As the U.S. Court of Appeals for the Fifth Circuit noted in its decision on the Texas law earlier this year, however, even as the Supreme Court invented a constitutional right to abortion in 1973 in Roe v. Wade, the justices were clear that the decision doesn’t preclude states placing reasonable requirements on abortion clinics and doctors. Specifically, the Supreme Court found:

The State has a legitimate interest in seeing to it that abortion, like any other medical procedure, is performed under circumstances that insure maximum safety for the patient. This interest obviously extends at least to the performing physician and his staff, to the facilities involved, to the availability of after-care, and to adequate provision for any complication or emergency that might arise.

Since the Roe decision, the Supreme Court has further defined the contours of the supposed right to abortion and what states can do to regulate the abortion industry. In Planned Parenthood of Southeastern Pennsylvania v. Casey, the Supreme Court determined that states may not impose an “undue burden” with the “purpose or effect of placing a substantial burden in the path of a woman seeking an abortion[.]” The Supreme Court clarified in Gonzales v.
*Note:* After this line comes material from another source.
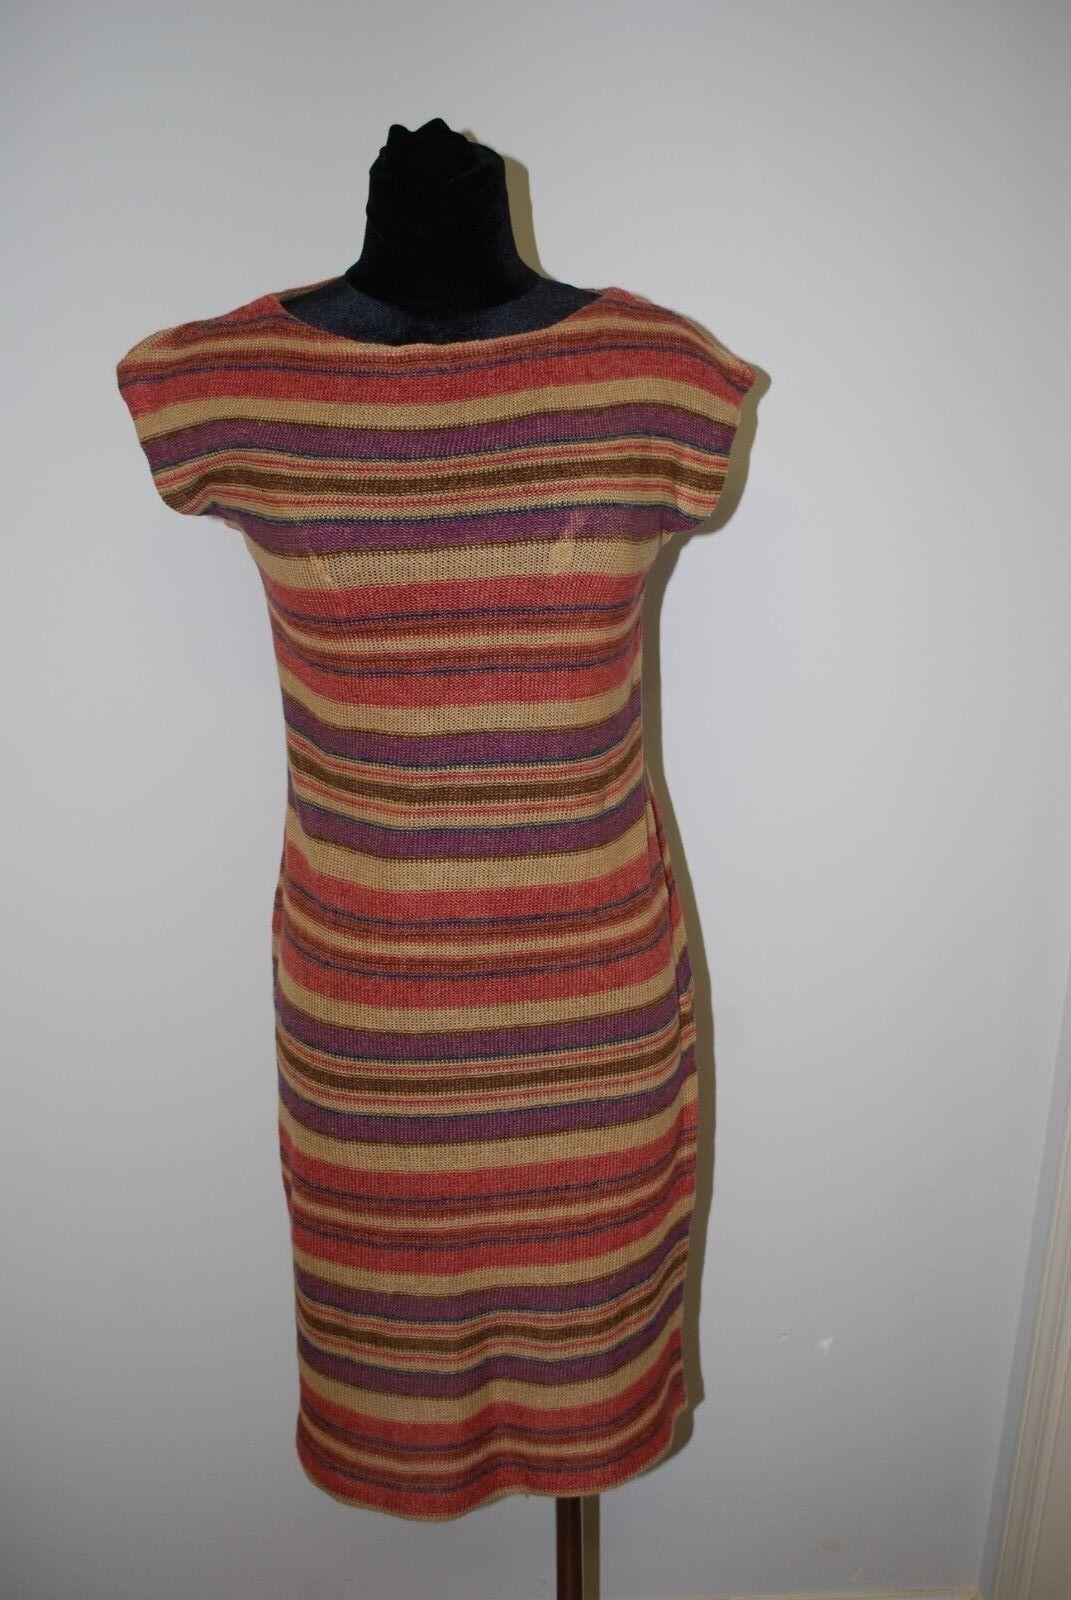 New Ralph Lauren Linen Silk Tan Multi Stripe Sweater Dress Fall colors Sz SMALL

Carhart that laws regulating abortion must pass rational basis review—the lowest standard of review—which requires that a particular regulation be rationally related to a legitimate state interest.

Meeting the Legal Standard

In upholding the abortion clinic regulations, the Fifth Circuit panel concluded that H.B. 2 met those legal standards: “Texas’ stated purpose for enacting H.B. 2 was to provide the highest quality of care to women seeking abortions and to protect the health and welfare of women seeking abortions. There is no question that this is a legitimate purpose that supports regulating physicians and the facilities in which they perform abortions.”

Further, the panel found that the district court erred by “substituting its own judgment for that of the legislature,” on whether H.B. 2 advances the state’s interests in maternal health and increased quality of care.

When the Supreme Court manufactured a right to abortion in 1973, it took the issue out of the hands of the American people, preventing citizens and legislatures from making reasoned policy and fully weighing the impact of abortion on the lives of women and unborn children. The result is that U.S. abortion policy has become extreme among developed nations in allowing elective, late-term abortions, and a lucrative, yet largely unaccountable, abortion industry daily endangers the lives and health of women.

Ensuring Women’s Health And Safety

For more than 40 years, the abortion industry has evaded and fought commonsense regulations. The Supreme Court now has the opportunity to confirm that states have a legitimate and compelling interest in better ensuring the safety and health of women who enter abortion clinics.

While this case does not directly present the justices with the opportunity to overrule Roe v. Wade, Arkansas recently filed a petition asking the Court to overrule a key part of the legal standard created in Roe and refined in Casey.

In Beck v. Edwards, Arkansas asks that the Court overrule the “viability rule,” which essentially mandates unfettered access to abortions before unborn babies are considered “viable” even if the child already has a heartbeat, brain activity, or the ability to feel pain. If the Court heard this case and ruled in favor of the state, that would be the greatest victory for the pro-life movement to date.

In the meantime, the Supreme Court will hear oral arguments in the Texas case this spring and should release its opinion by the end of June. The justices would do well to uphold the reasonable law in Texas and reconsider the long, deadly shadow its abortion decisions have cast over law, medicine, and society.